The choice and alignment of your PA system determines how much sound reaches beyond the event site –and how disruptive your event feels to local residents. Loudspeakers do not radiate sound in the same way: depending on design, quantity, and setup, sound can be intentionally focused or spread widely into the surroundings.

This guide explains the most important PA types (tops/fullrange, line arrays, subwoofers), basic principles of directivity (especially in the low end), commissioning a PA system with limiter / gain staging, and options for noise predictions.

Note: Further practical measures for noise reduction can be found in the Noise Mitigation Measures guide.


Basics: PA systems

Active vs. passive loudspeakers

A common starting point when choosing a PA system is whether to use active or passive loudspeakers.

  • Active loudspeakers have an integrated amplifier and therefore need a power connection at the loudspeaker. This often simplifies setup because fewer separate devices are required. However, active loudspeakers are usually heavier and often more expensive.

  • Passive loudspeakers are powered by a separate power amplifier. The audio signal runs from the mixing console to the power amplifier and from there to the loudspeaker. These systems are usually more flexible because loudspeakers and amplifiers can be combined or replaced more easily. In addition, level limiting–depending on the setup–can often be implemented well at the amplifier stage or within the system. The downside is higher cabling and planning effort.

Which option makes sense depends mainly on the event size, the available technical know-how, and the desired setup convenience.

Beamforming and directivity pattern

For open-air sound reinforcement, this matters: sound spreads differently depending on frequency.

  • High frequencies are more directional and usually easier to attenuate.
  • Low frequencies, by contrast, spread equally in all directions without specific measures (omnidirectional).

The directivity pattern describes how strongly a loudspeaker focuses sound–similar to microphones. Stronger focusing helps target the event site and reduce radiation into unwanted directions.

Stage in a neighborhood

Especially with PA systems that are very close to relevant immission locations, it can be useful to consider a directive sound reinforcement concept. In borderline cases, this can be decisive for the approval procedure / permit process and for permitted sound levels.

In the low-frequency range, achieving strong focusing is difficult. Because of the large wavelengths (at 50 Hz approx. 6.8 m), diffraction around loudspeaker enclosures and obstacles is stronger, so subwoofers often radiate approximately omnidirectionally without special arrangements. More directivity in the low end can be achieved, for example, with cardioid setups or bass arrays. By arranging and aligning multiple subwoofers, rear radiation can be reduced. Depending on the system, rear level reductions of around 10–15 dB are possible in the 40–100 Hz range. In the mid and high range, targeted focusing is much easier–often, for example, with line arrays. What matters is not only the enclosure type, but also the number, arrangement, and alignment of the loudspeakers in an array.

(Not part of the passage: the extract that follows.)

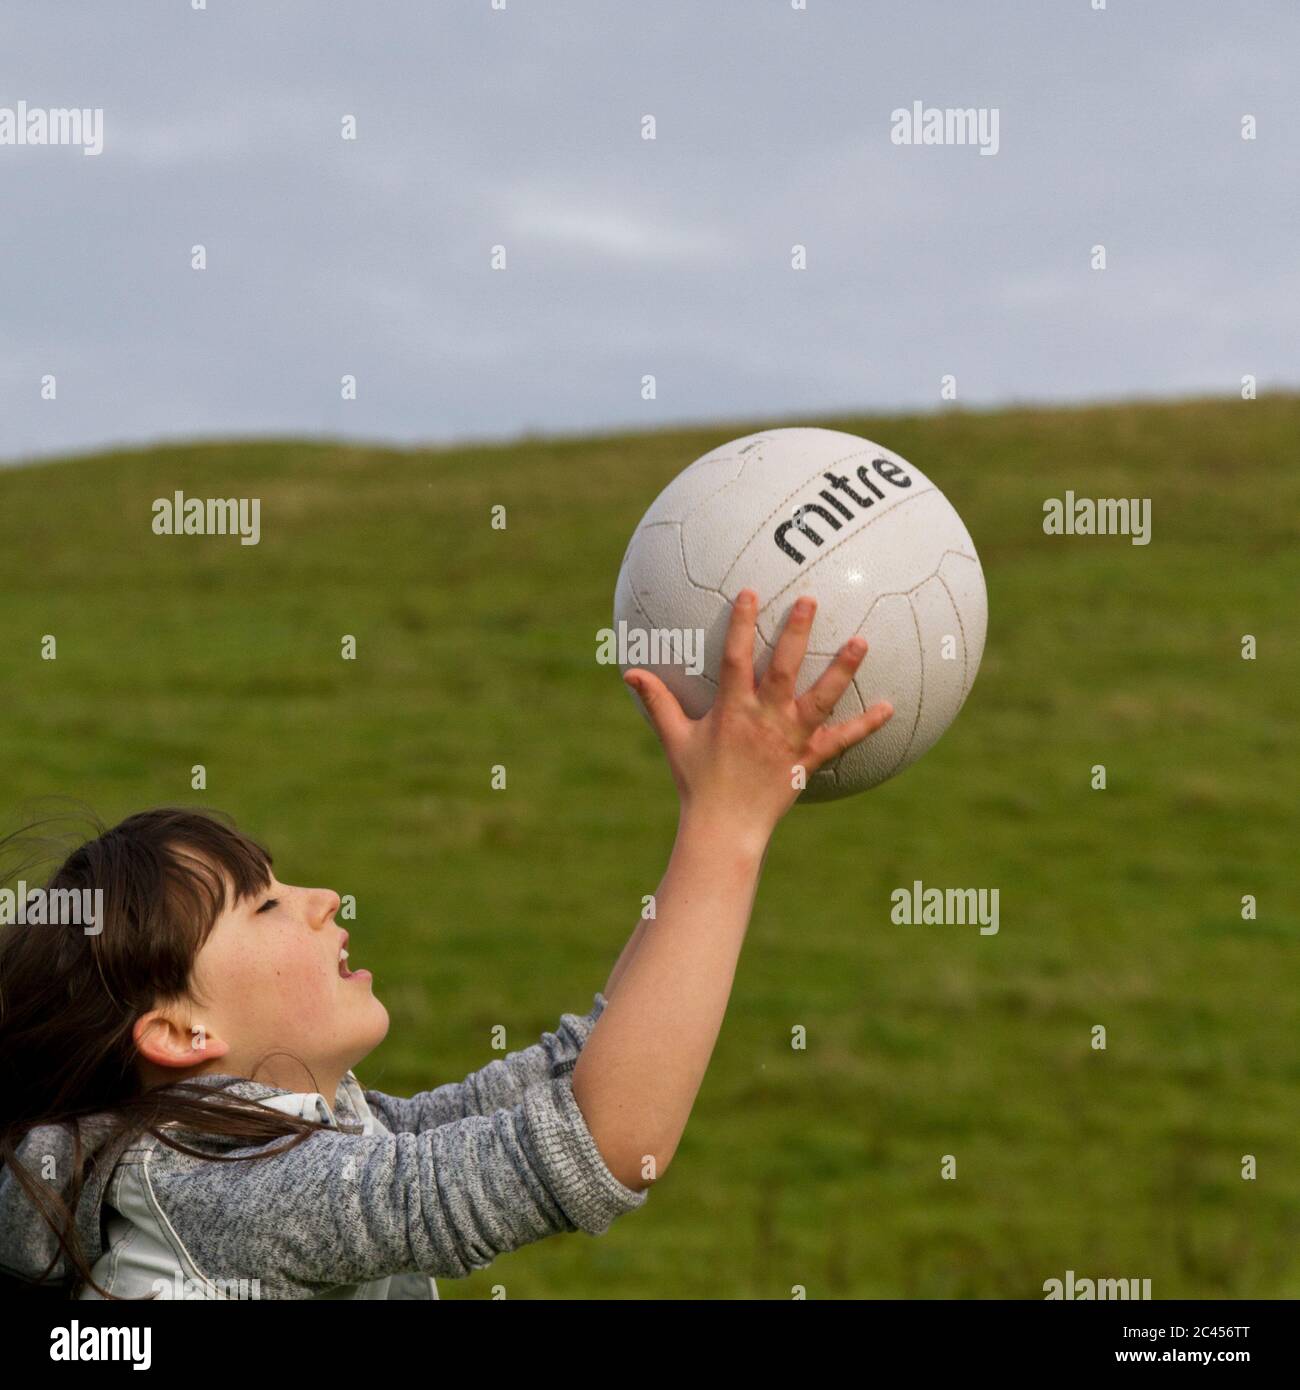 Jeune fille attrapant une balle Banque D'Images

Note: Thoughtful PA choices can be a key step in noise reduction. More information can be found in the guide on Noise Mitigation Measures guide.


Types of PA systems

Tops and fullrange

Top speakers (sometimes simply “point sources”) typically cover the mid and high range (e.g. approx. 100 Hz to 20 kHz). They are especially important for clear speech and instrument reproduction. For speech reinforcement, intelligible mids and highs are crucial.

Tops and fullrange loudspeakers

Typical top and fullrange models for open-air use, ascending by output: d&B E8, RCF ART 710-A, L-Acoustics X12 (Source: d&B audiotechnik, RCF, L-Acoustics)

When setting up, pay attention to the following:

  • Alignment: Aim the loudspeakers so the audience area is covered evenly. Avoid unnecessary radiation toward nearby residential development / housing.
  • Height positioning: Place tops above head height or fly them (e.g. on stands). This distributes sound more evenly and reduces the risk of overdriving the front rows.
  • Coverage angle: Check the horizontal and vertical coverage angle (e.g. 90×6090^\circ \times 60^\circ). In narrow streets or courtyards, wide angles can promote reflections and level peaks. In open areas, angles that are too narrow may not cover parts of the audience.

Fullrange loudspeakers cover lows, mids, and highs. In small setups (e.g. street concerts or readings), one or two fullrange boxes are often sufficient. The same basic alignment rules apply as for tops. For larger events, however, they often reach limits–for example due to insufficient bass or an uneven frequency distribution.

Line arrays

With line arrays, multiple loudspeaker modules are stacked vertically. This allows more precise control of radiation and better targeting of sound toward the audience area. This can help reduce sound in other areas, especially for larger events. There are also compact line-array systems for smaller events. Typical models or systems are: XX

Advantages of line arrays:

  • Targeted directivity: The angles of individual modules can be adjusted. This allows sound distribution to be tuned broadly or more focused on the event site.
  • Modular design: Line arrays usually consist of multiple modules (often approx. 3 to 16) mounted at different angles. They are built in a column, often in a J-shape.
  • More even coverage over longer distances: Line arrays can cover more distant audience areas in a more controlled way.
Line arrays

Typical line-array models for open-air use, ascending by output and size: d&B T10, dBTechnologies DVA K5, RCF HDL 26 (Source: d&B audiotechnik, dBTechnologies, RCF)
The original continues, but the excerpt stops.